Tout le monde peut devenir Hervé Guibert : il suffit de raconter ses expériences sexuelles (domaine dans lequel il est devenu difficile de faire preuve d'originalité), d'exhiber un moi gentil et sensible, de ne pas faire mystère de ses instants d'égoïsme ou de lâcheté, de décrire par le menu les relations tourmentées qu'on entretient avec son entourage - ou qu'on s'ingénie à envenimer pour nourrir la graphomanie -, et de révéler les petits secrets de ses amis célèbres. Guibert nous fait ainsi découvrir les fouets, les paires de menottes de « Muzil », l'éminent archéologue du savoir, et les virées de celui-ci dans les saunas de San Francisco.
L'homme des livres d'Hervé Guibert est un garçon mignon, émotif et inculte. Il est l'homme d'aujourd'hui.
Les meilleures pages d'À l'ami qui ne m'a pas sauvé la vie - car on y trouve des pages réussies - sont des pastiches, volontaires et déclarés, de Thomas Bernhard. Mais Bernhard édifie ses narrations divagantes et ressassantes dans la pleine maîtrise de sa langue et dans un style unique qu'il a patiemment forgé de livre en livre, alors que chez Guibert les passages lyriques, les longs moments de ressassement par accumulation ou par gradation, le recours à la parataxe plutôt qu'à la subordination, entraînent un surcroît de solécismes.
Est-ce une « autofiction » ? Guibert se raconte dans un récit où les événements sont scrupuleusement datés mais les noms propres modifiés.

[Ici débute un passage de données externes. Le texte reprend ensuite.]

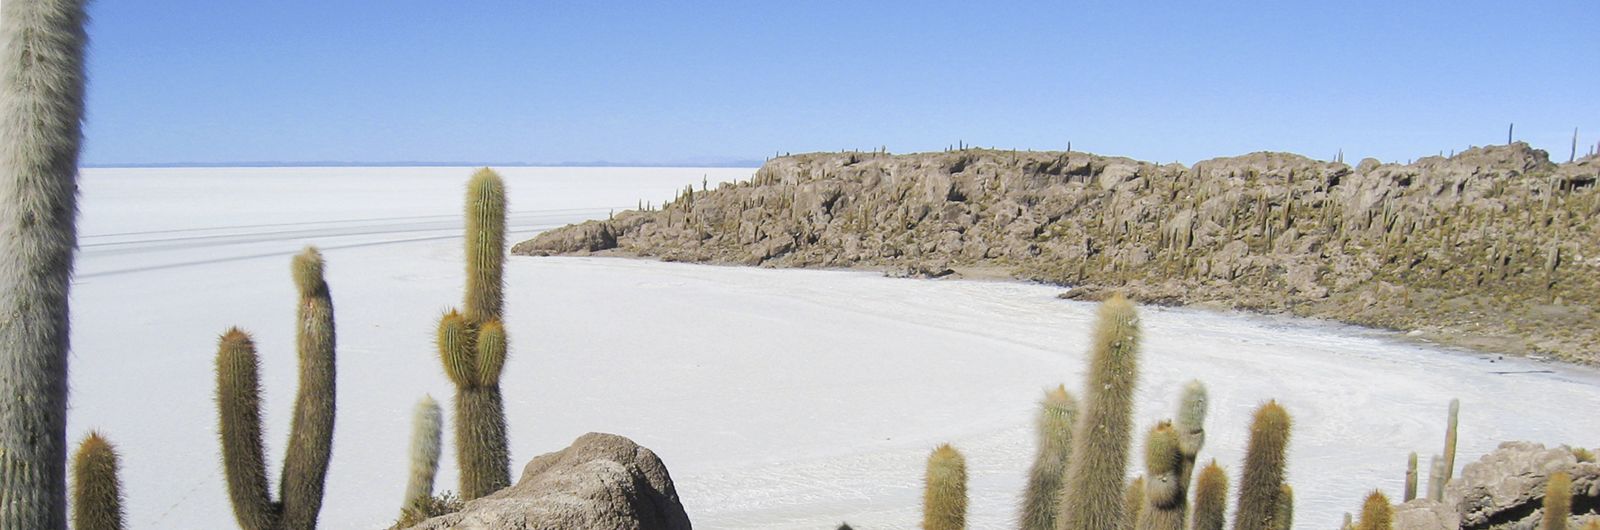 Salta - Uyuni - Atacama - Isla de Pascua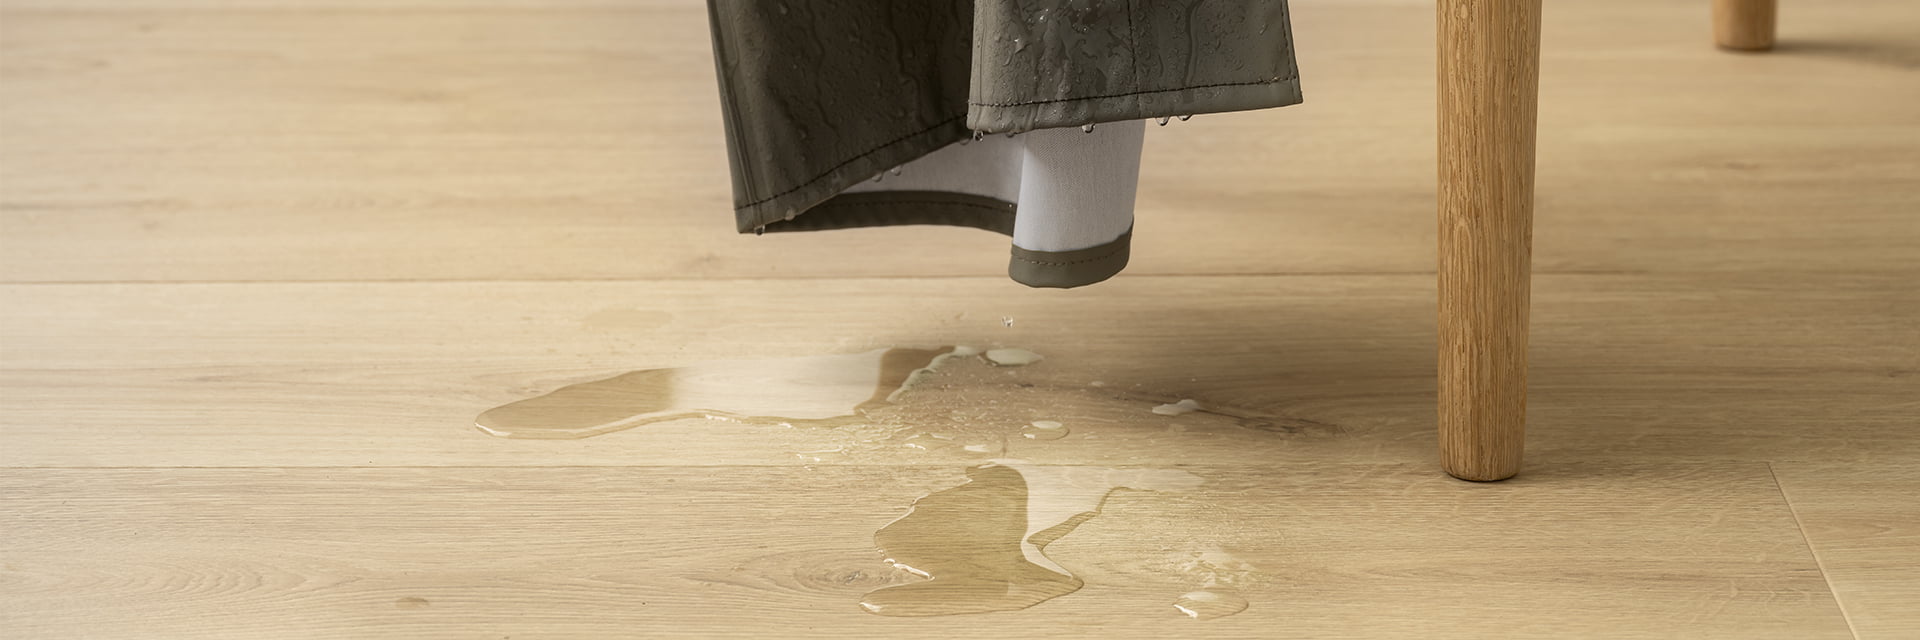 How To Clean Laminate Flooring Pergo

Sur les étapes de sa maladie, sur la transmission de cette maladie à son entourage le plus proche, Guibert nous livre des aveux poignants. En tant que témoignage, À l'ami qui ne m'a pas sauvé la vie est un livre douloureux. J'avoue : il m'avait ému à sa parution, lorsque j'avais dix-sept ans. Mais est-ce vraiment de la littérature ? On peut se poser la question, tant il est manifeste que Guibert, écrivain des années 1980, à la langue tellement up to date, est un précurseur du mal-écrire contemporain.
La leçon de Gide n'a pas été comprise.
Aujourd'hui voilà ce qui marche, voilà ce qui plaît aux journalistes. Faites des livres à message ou à traumatisme, stimulez l'empathie du lecteur et inhibez son sens critique, détournez-le du souvenir qu'il pourrait avoir conservé de grandes oeuvres autrefois intimidantes, enrobez d'un lyrisme d'emprunt des pensées banales et consensuelles. Servez très chaud : sorti de sa fournaise, le plat tiédit vite.